**WHAT YOU HAVE TO DO:**
Your answer must be only the lines below from the one containing "quilted hot mat under a small size saucepan" through the one containing "Blue Rock State Park is", copied exactly, with the pictures left out.

**INFORMATION:**
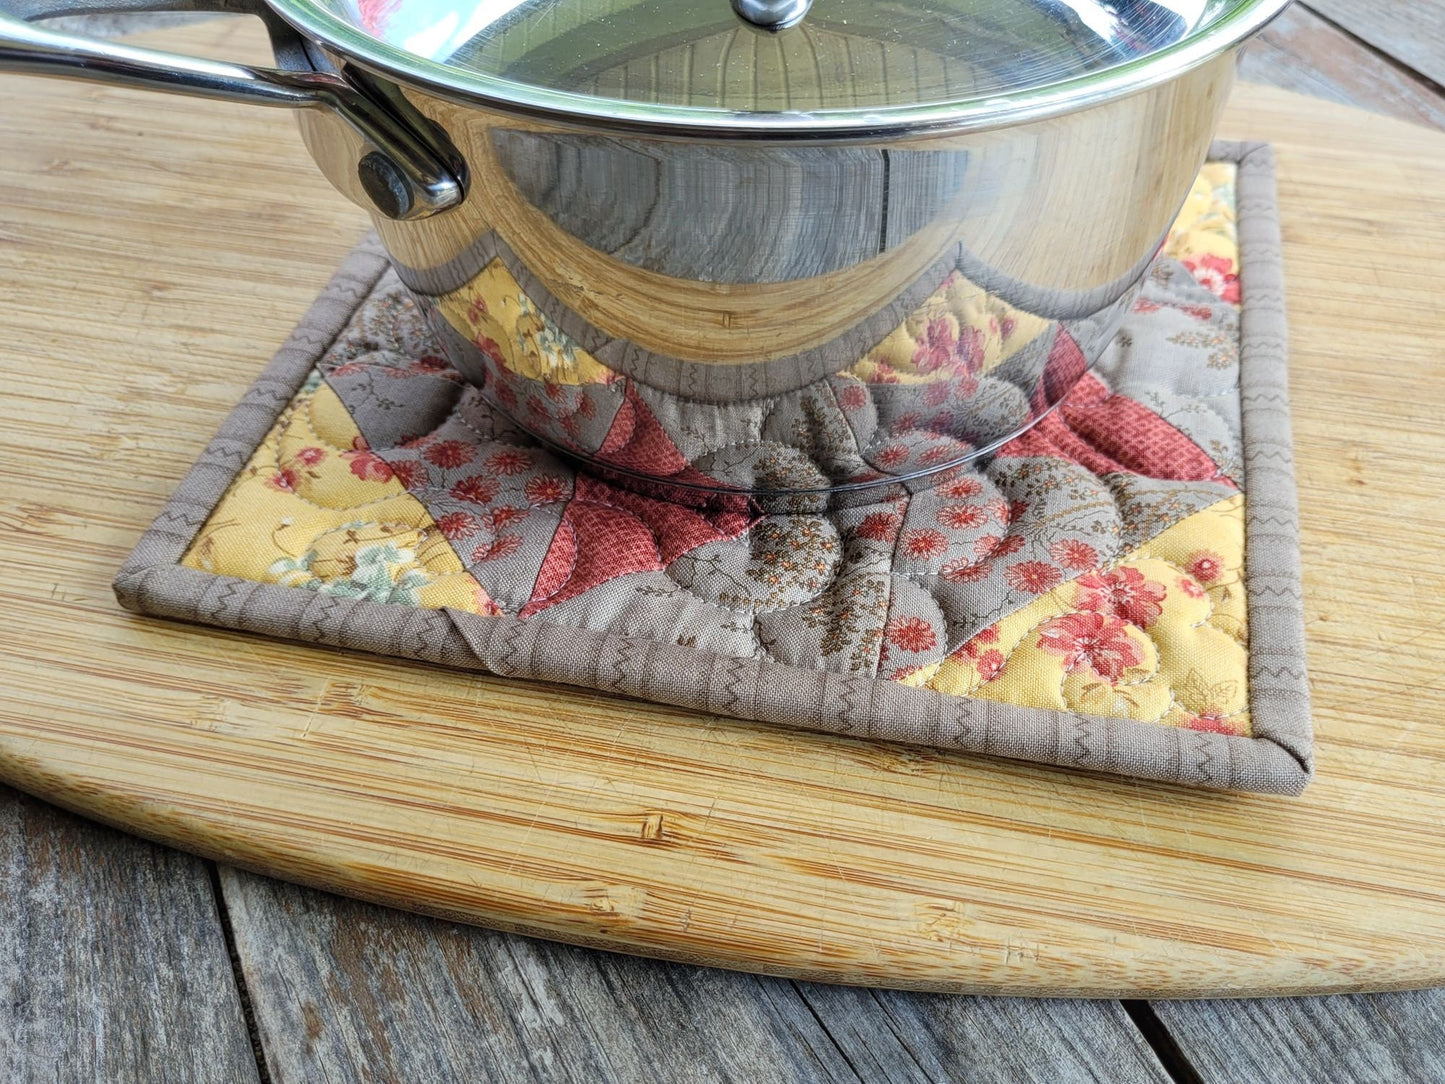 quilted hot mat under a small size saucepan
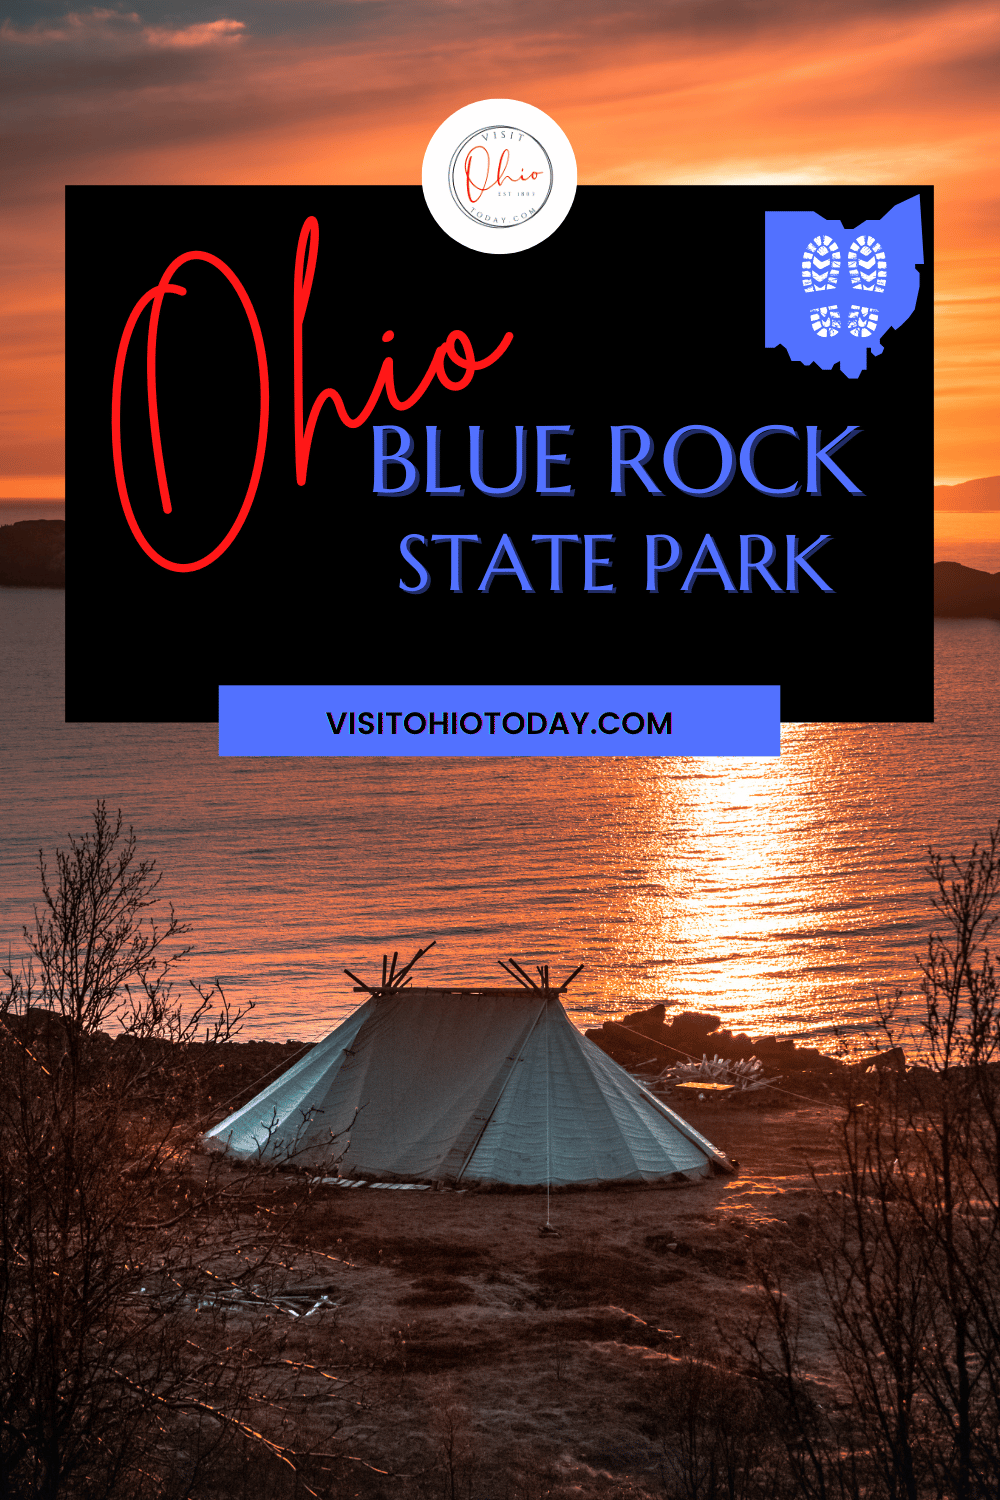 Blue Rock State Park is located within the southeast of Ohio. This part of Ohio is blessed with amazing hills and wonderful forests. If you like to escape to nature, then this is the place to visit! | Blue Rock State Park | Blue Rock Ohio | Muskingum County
* * *
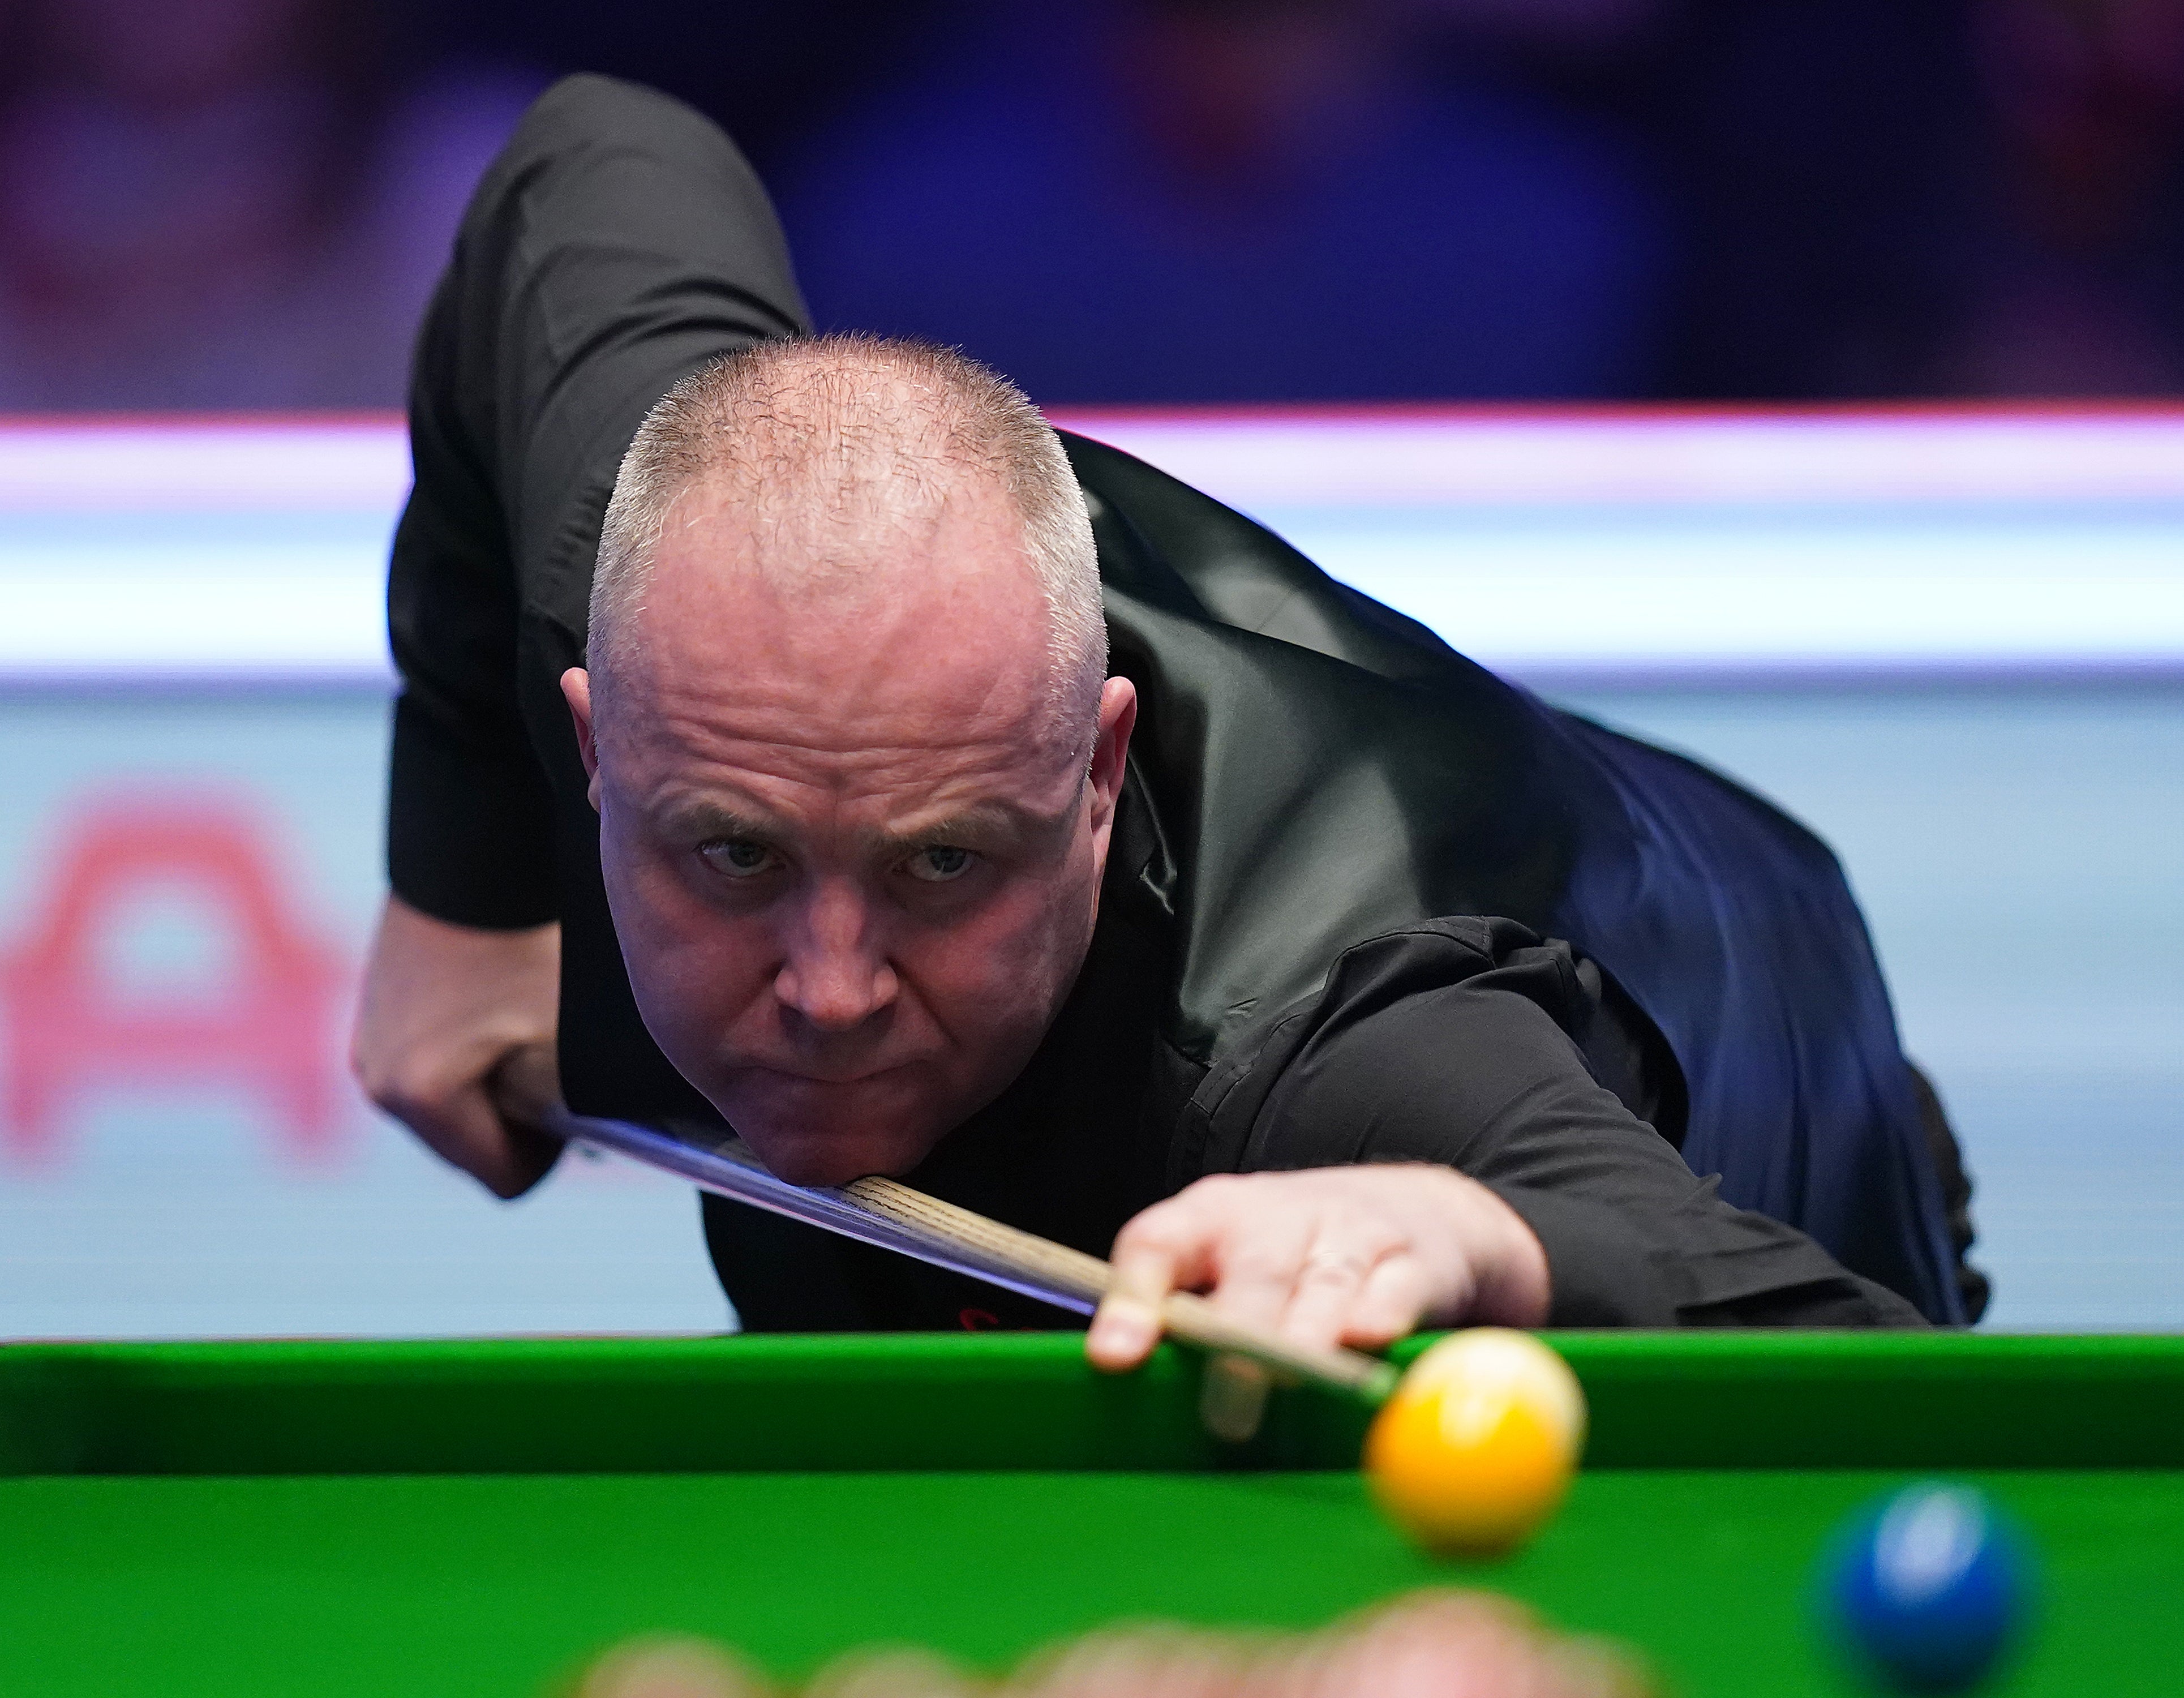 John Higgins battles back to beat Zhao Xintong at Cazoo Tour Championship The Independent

**EXPECTED ANSWER:**
 quilted hot mat under a small size saucepan
 Blue Rock State Park is located within the southeast of Ohio. This part of Ohio is blessed with amazing hills and wonderful forests. If you like to escape to nature, then this is the place to visit! | Blue Rock State Park | Blue Rock Ohio | Muskingum County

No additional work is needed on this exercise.